━━━ Supplied information

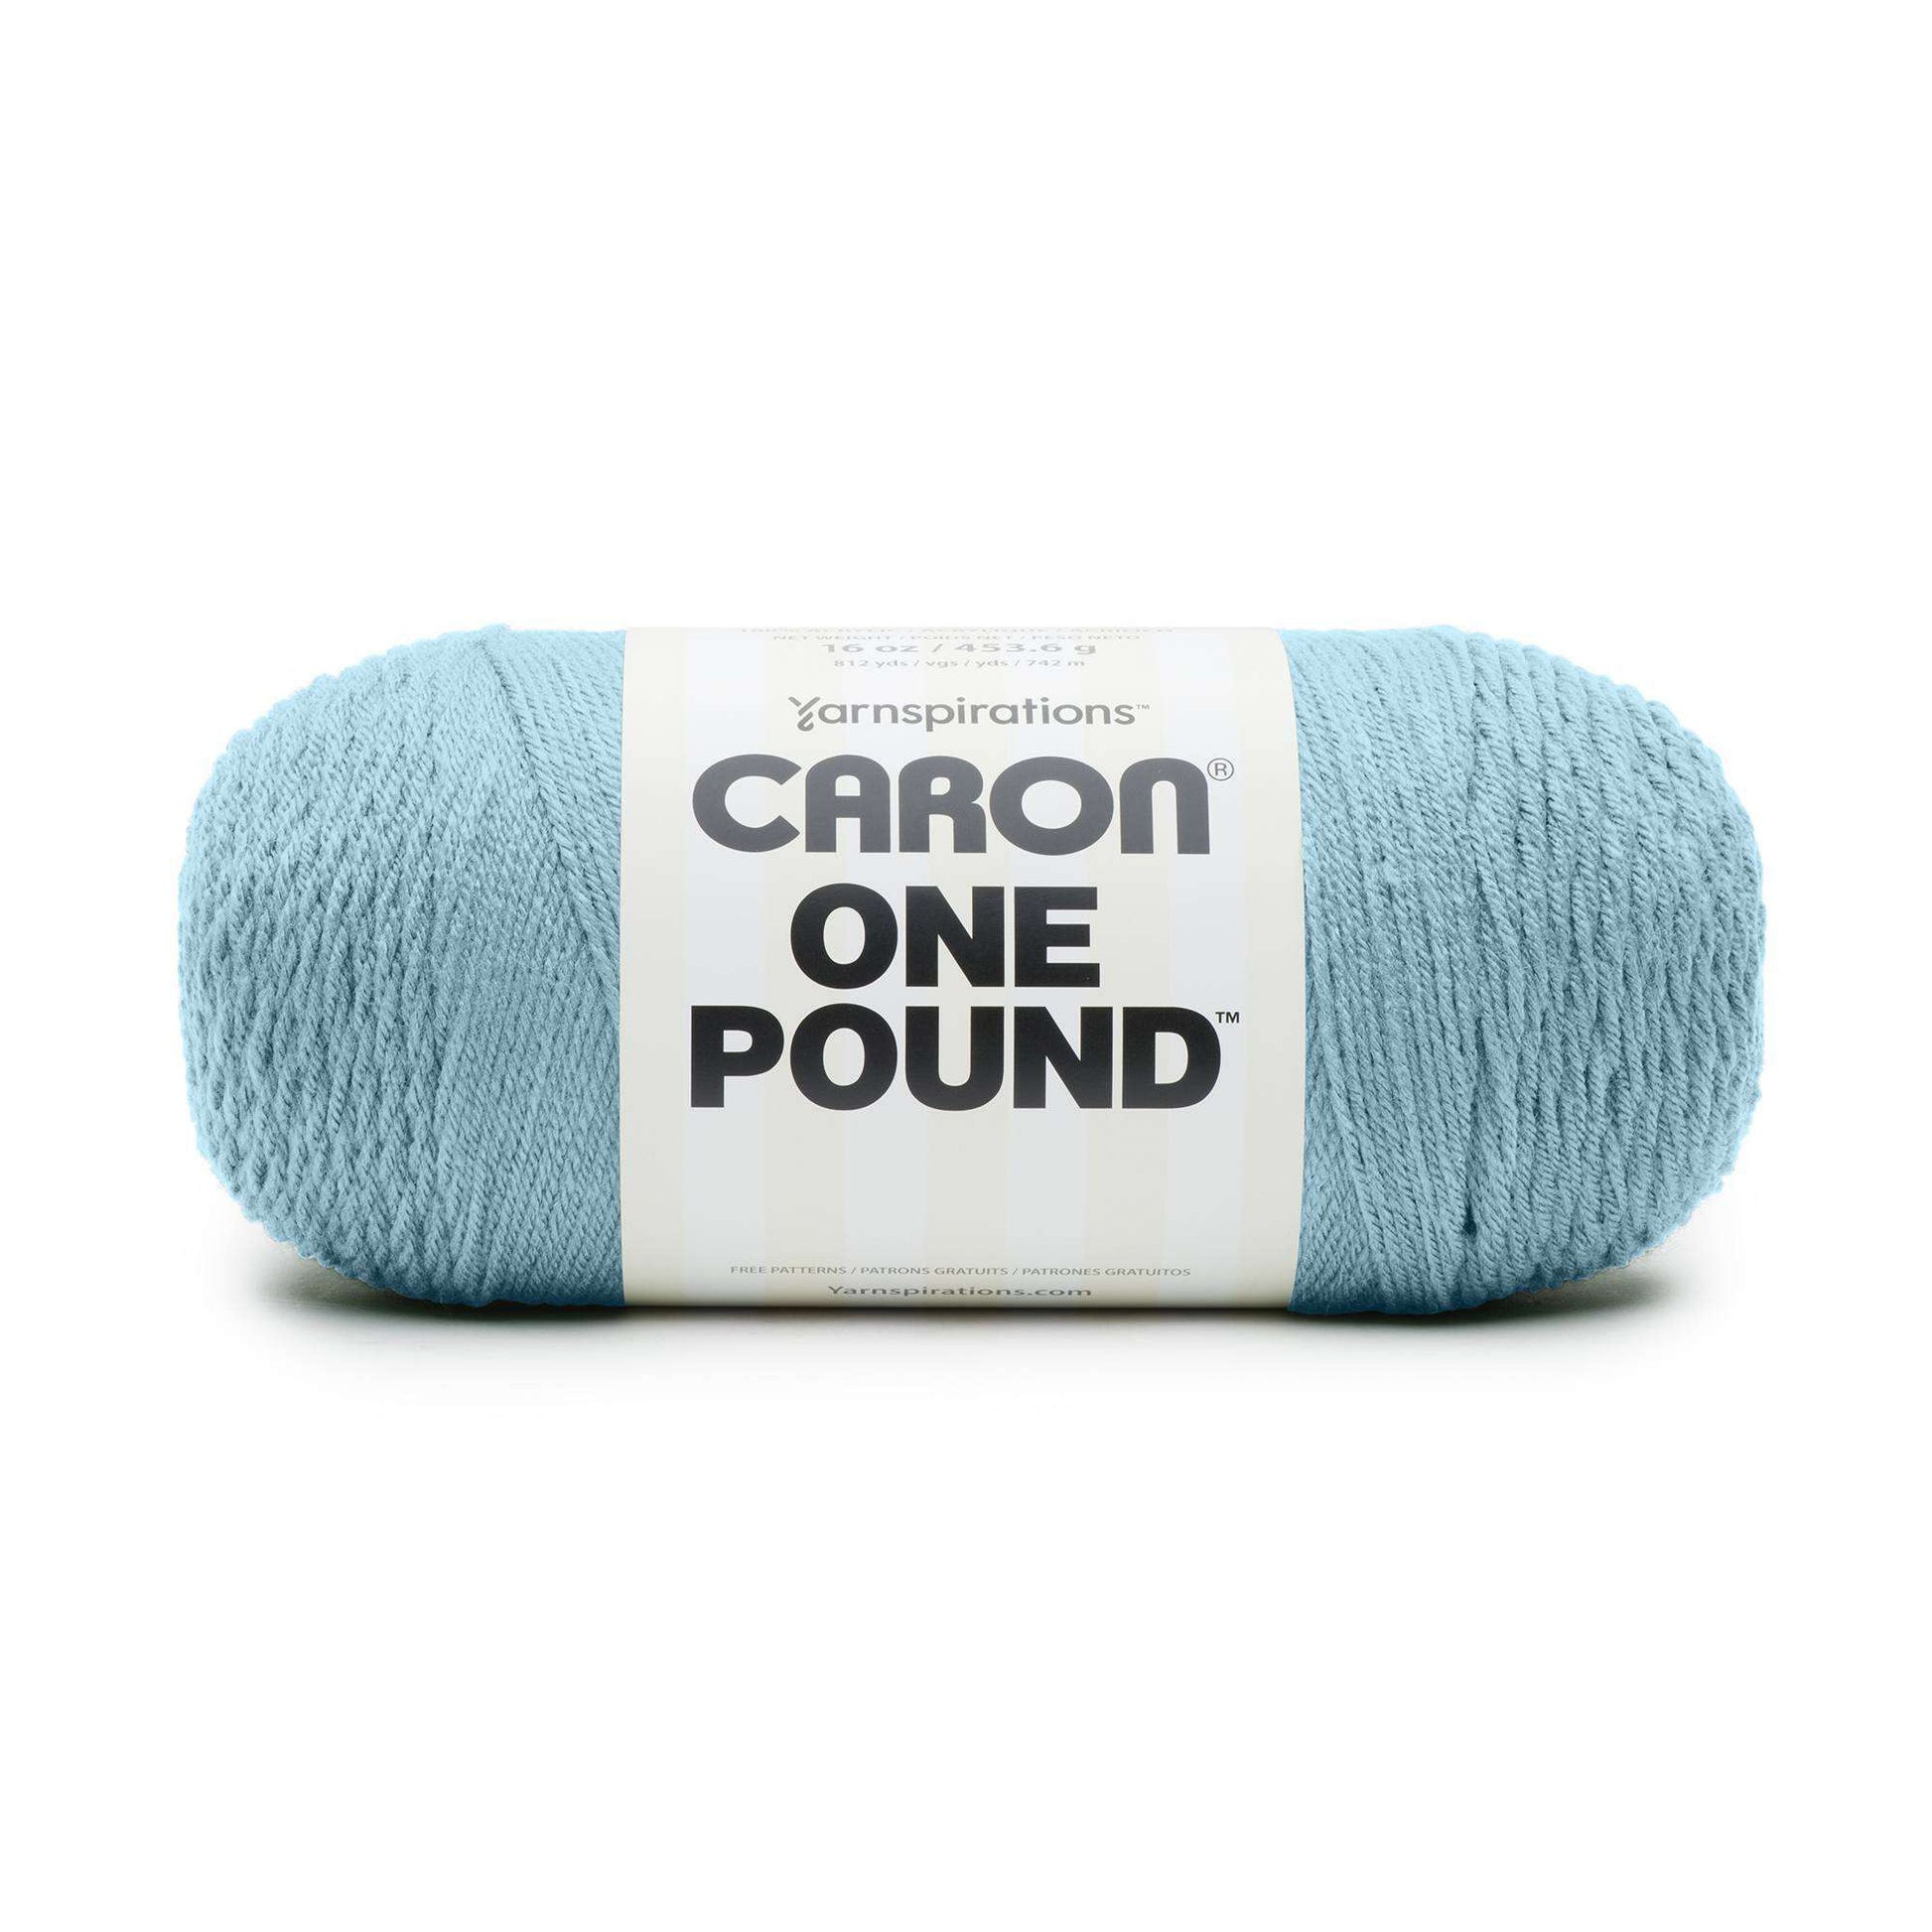 Caron One Pound Midnight Blue Yarn - 2 Pack of 454g/16oz - Acrylic
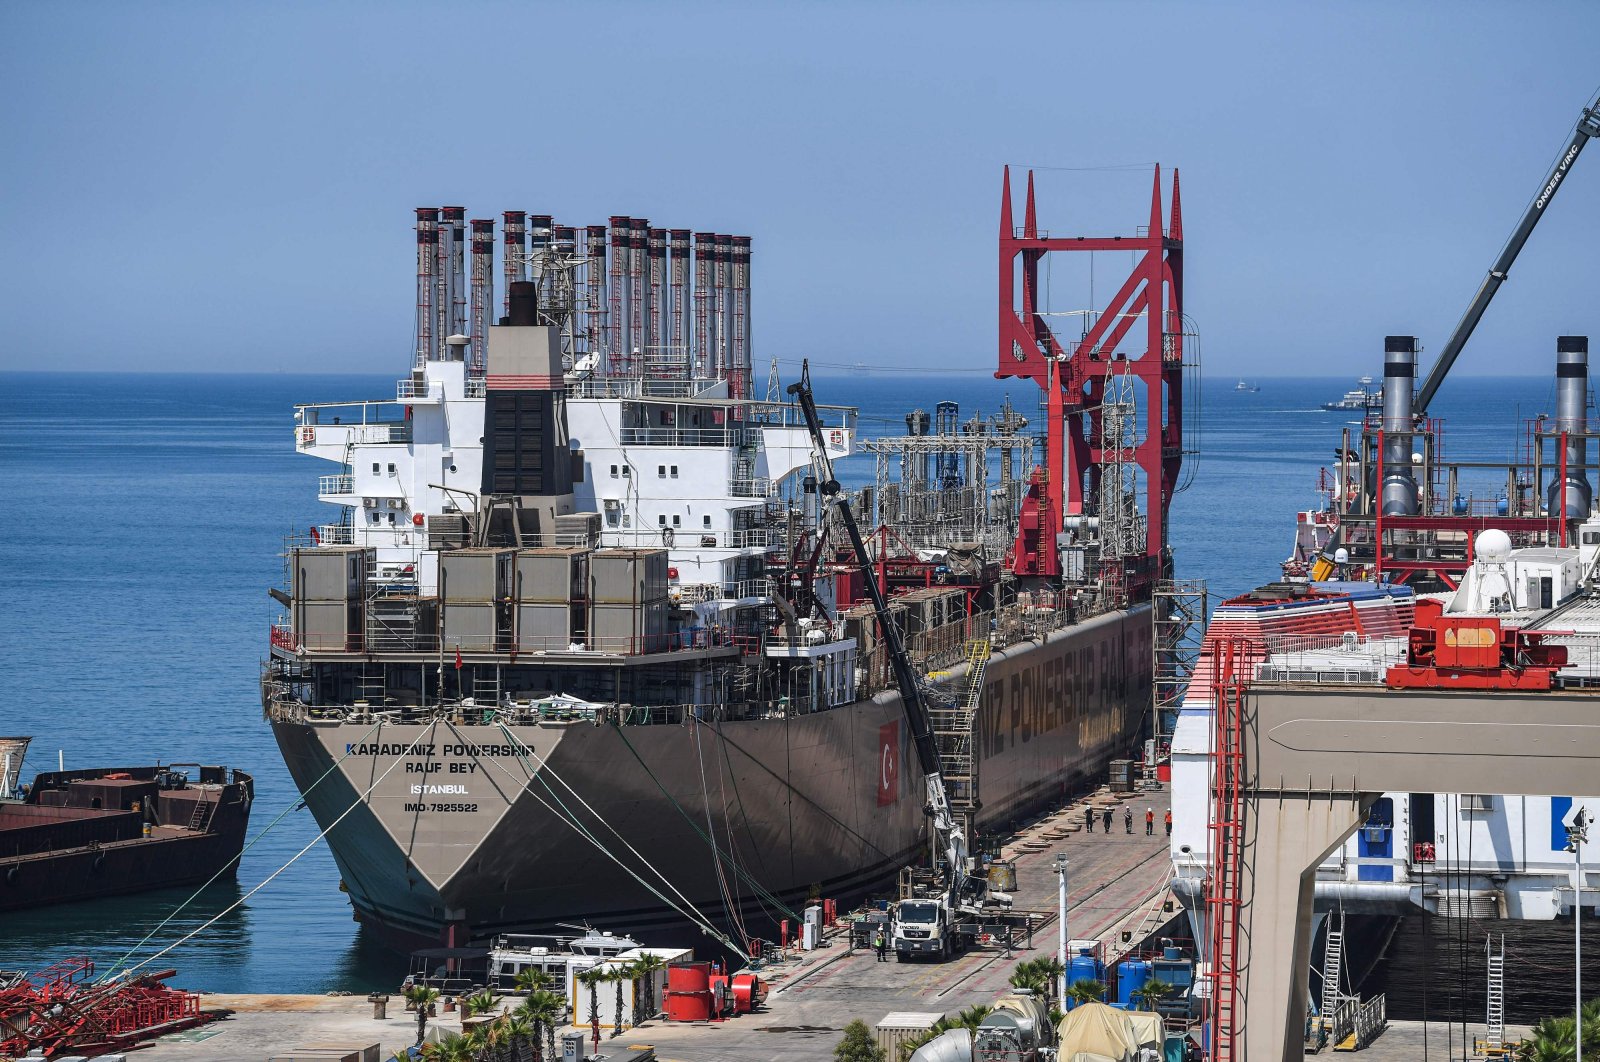 Karadeniz Holding's Raif Bey power ship docked in a shipyard of Altınova district, Yalova, June 16, 2020. (AFP Photo)
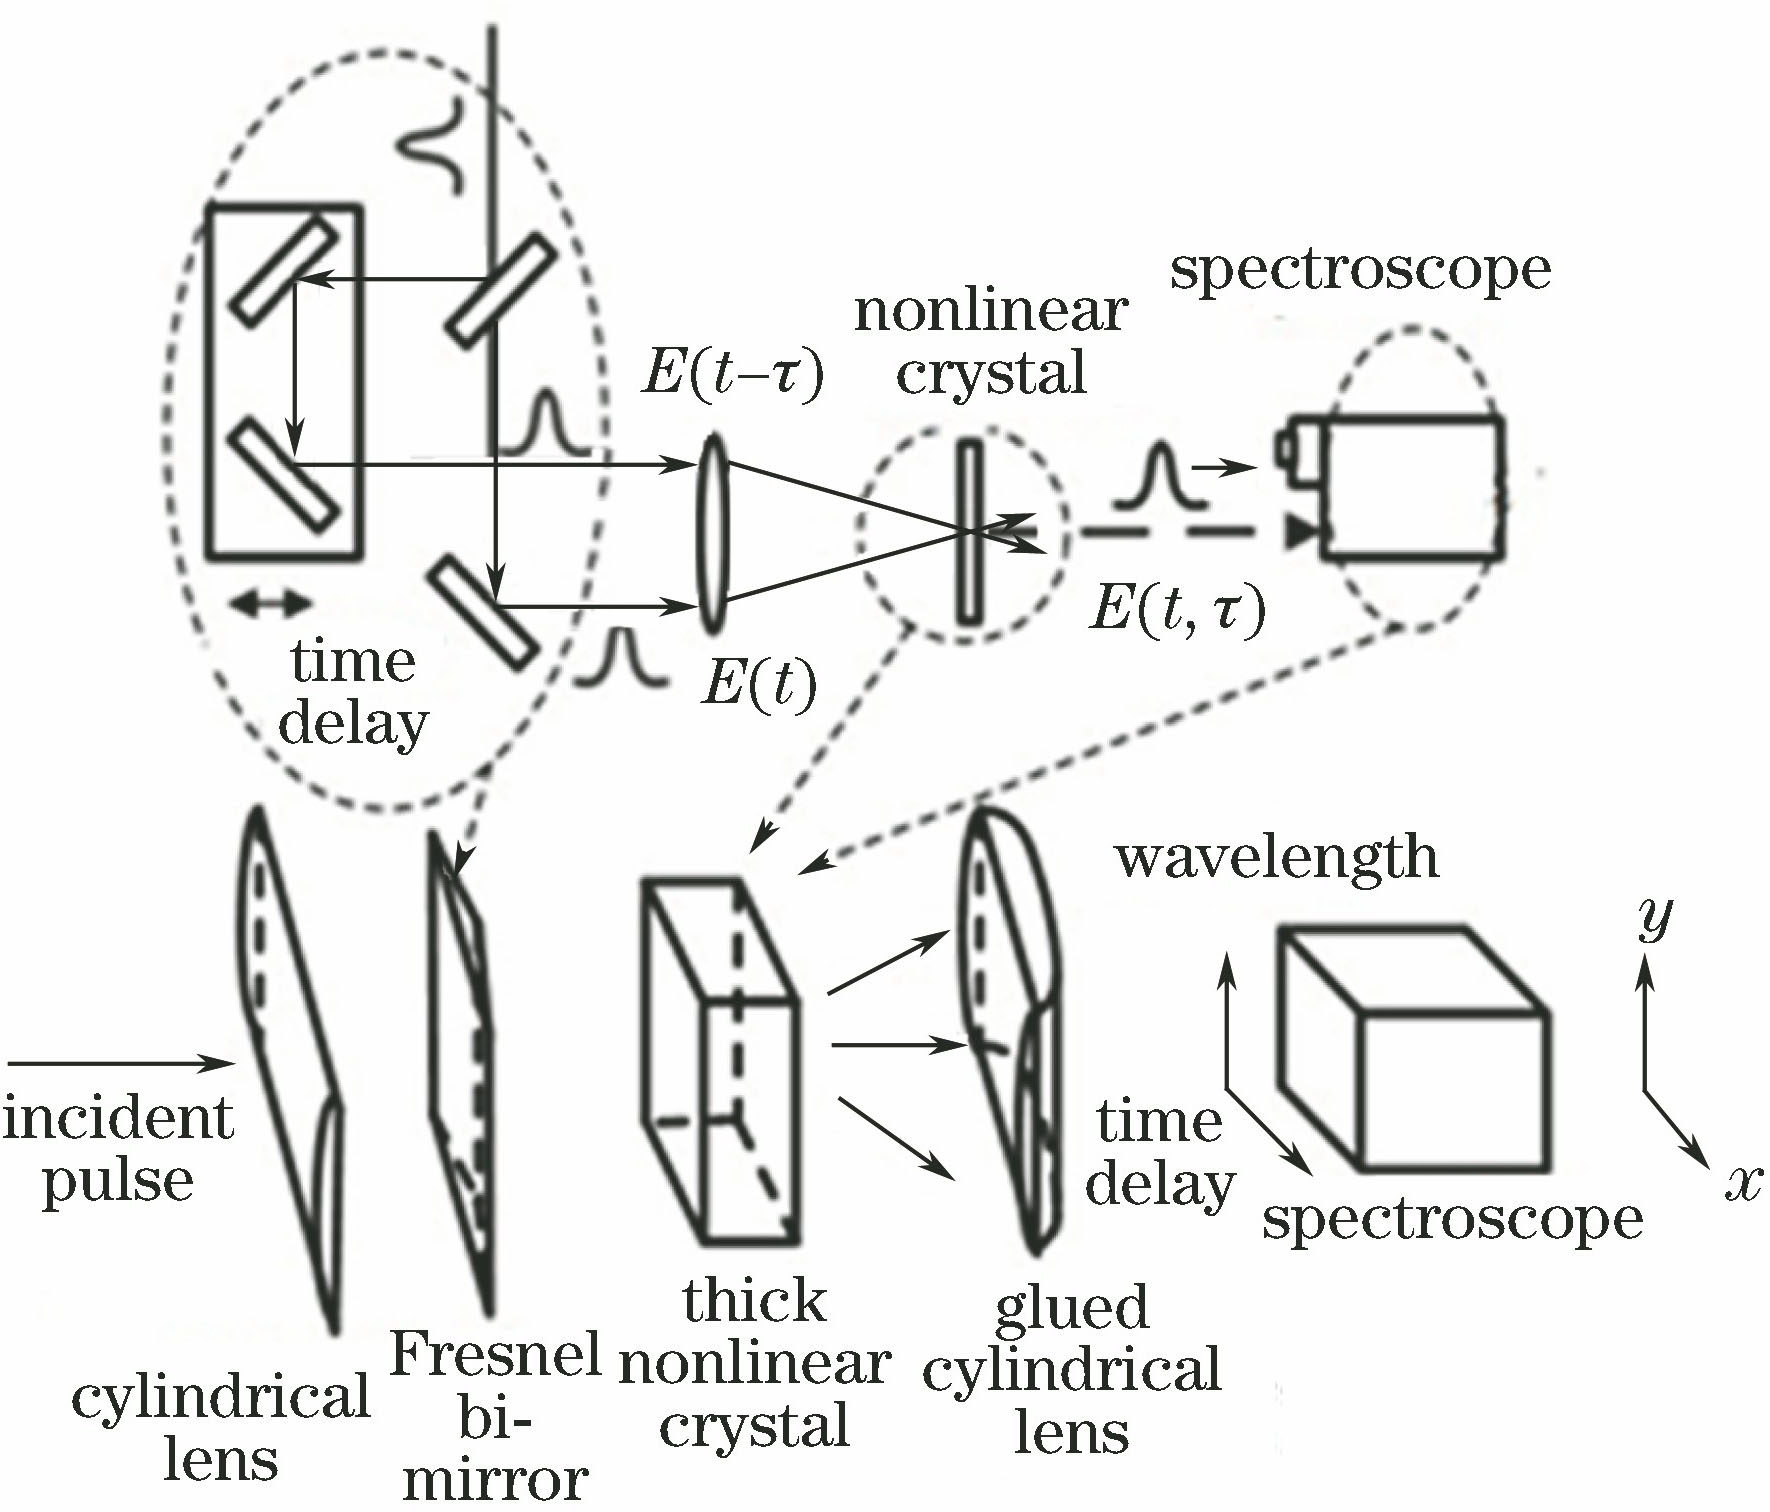 Structure of transmissive G system[18]

━━━━━━

Print the entire listing precisely as written, omitting the images it holds.

* Solution for this problem *
 Caron One Pound Midnight Blue Yarn - 2 Pack of 454g/16oz - Acrylic
 Karadeniz Holding's Raif Bey power ship docked in a shipyard of Altınova district, Yalova, June 16, 2020. (AFP Photo)
 Structure of transmissive G system[18]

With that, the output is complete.